Я пошла на кухню и десять минут тупо простояла у плиты. Тикали часы на стене. Я побежала в другую комнату, выдвинула ящик из письменного стола и положила конверт туда, где лежали открытки и связка ключей. «Позже», — подумала я.
Camera obscura
Художник очень маленького роста. Мари сама не знает, в своем ли она уме, уж слишком художник маленького роста; она думает: у тебя не все дома, она имеет в виду себя, а может быть, это потому что осень, потому что начинается хорошо знакомое беспокойство, озноб в спине, дождь?
Художник в самом деле слишком мал. На три головы ниже, чем Мари. Он знаменит, по крайней мере в Берлине его знают все, он творит с помощью компьютера, он написал две книги, по вечерам он иногда выступает по радио. Художник к тому же некрасив. У него маленькая пролетарская голова, он очень смуглый, некоторые говорят, что у него есть примесь испанской крови. Рот невероятно тонкий. Рта нет. Глаза, правда, красивые, совершенно черные и большие, во время разговора он так держит руку перед лицом, что видны только эти глаза. Художник ужасно одет. На нем драные джинсы — детского размера, думает Мари, — вечно на нем этот зеленый пиджак, вечно эти кеды. На левом запястье черная кожаная полоска. Некоторые люди говорят, что художник, тем не менее, невероятно умен.
Мари что-то нужно от художника. Что ей от него нужно, она не знает. Может быть, блеск его славы. Может быть, ей хочется выглядеть еще красивее рядом с таким уродливым человеком. Может быть, это жажда разрушения, ей хочется вторжения в чью-то мнимую недоступность. Мари спрашивает себя всерьез, все ли у нее в порядке с головой. Не выглядят ли они вместе смешно? Мари всегда хотела быть только с красивыми людьми. Это ужасно, когда нужно смотреть на мужчину сверху вниз. Страшно представить себе, как это должно быть, когда… И все же Мари хочет.
В первый же вечер они целуются. Или лучше — Мари целует художника. Он предстает перед ней на празднике, среди всех берлинских знаменитостей, Мари не может решить, какую из знаменитостей она в этот вечер должна одарить своим долгим, долгим взглядом в первую очередь. Художник предлагает себя. Он стоит перед ней, сверкая черными красивыми глазами, и Мари, видевшая его по телевизору, сразу узнает его. Он непоколебимо льет водку в ее стакан и задает трудные вопросы. Что для тебя означает быть счастливой. Ты уже предавала кого-то. Неприятно ли тебе что-то делать, если причины твоих действий внешние.
Мари пьет водку, медлит, говорит: счастье — это всегда момент до того. В секунду до момента, в котором я, собственно, и должна бы быть счастлива, в эту секунду я счастлива и не знаю об этом. Я уже многих предавала, я думаю. И я считаю, что это прекрасно, если причины моих действий внешние.

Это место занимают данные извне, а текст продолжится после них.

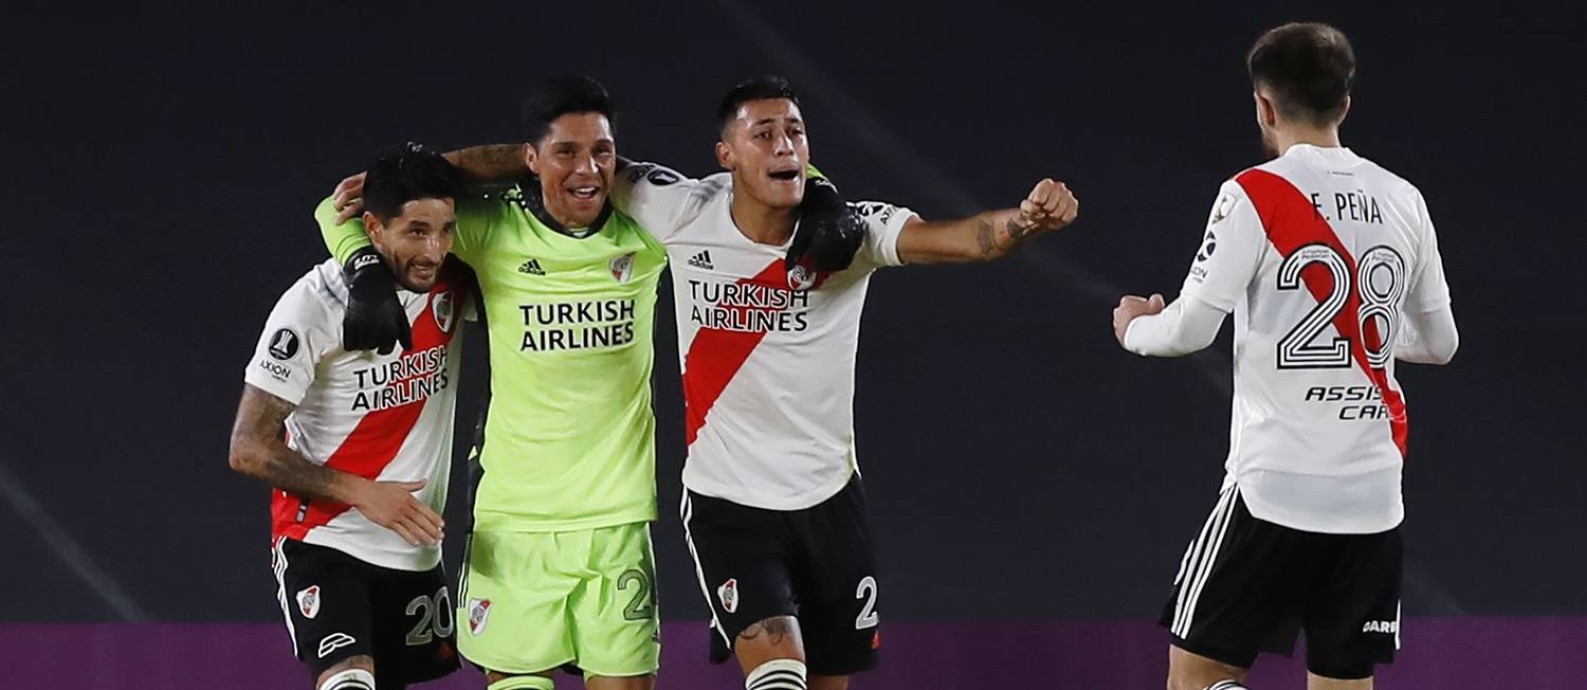 Enzo Perez, meia que atuou no gol, comemora com companheiros do River Plate Foto: JUAN IGNACIO RONCORONI / Pool via REUTERS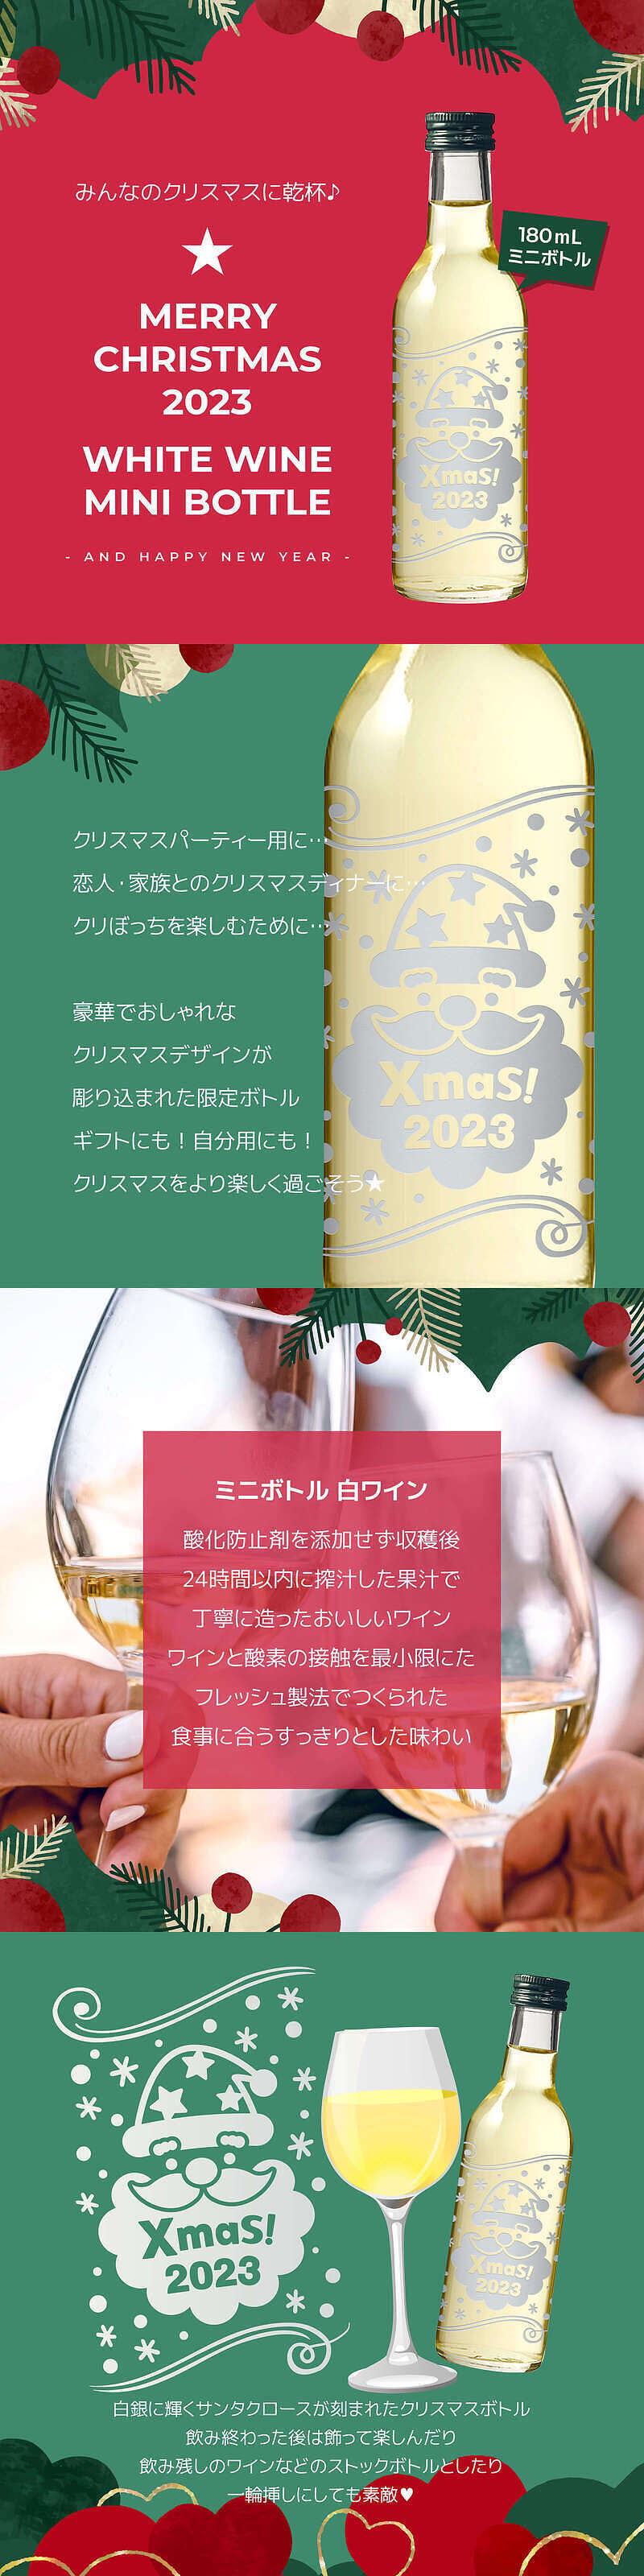 クリスマスサンタボトル 白ワインの説明

Художник неподвижно смотрит на нее. В ответ Мари смотрит на художника, это она умеет делать. Люди, стоящие возле них, ощущают какое-то беспокойство, художник действительно слишком мал и некрасив. Скорее из упрямства, чем из солидарности, наклоняется Мари, берет голову художника двумя руками и целует его в губы. Он, естественно, целует ее. После этого Мари дает ему номер телефона и уходит и только снаружи, вдохнув холодный, чистый ночной воздух, чувствует, как сильно она на самом деле пьяна.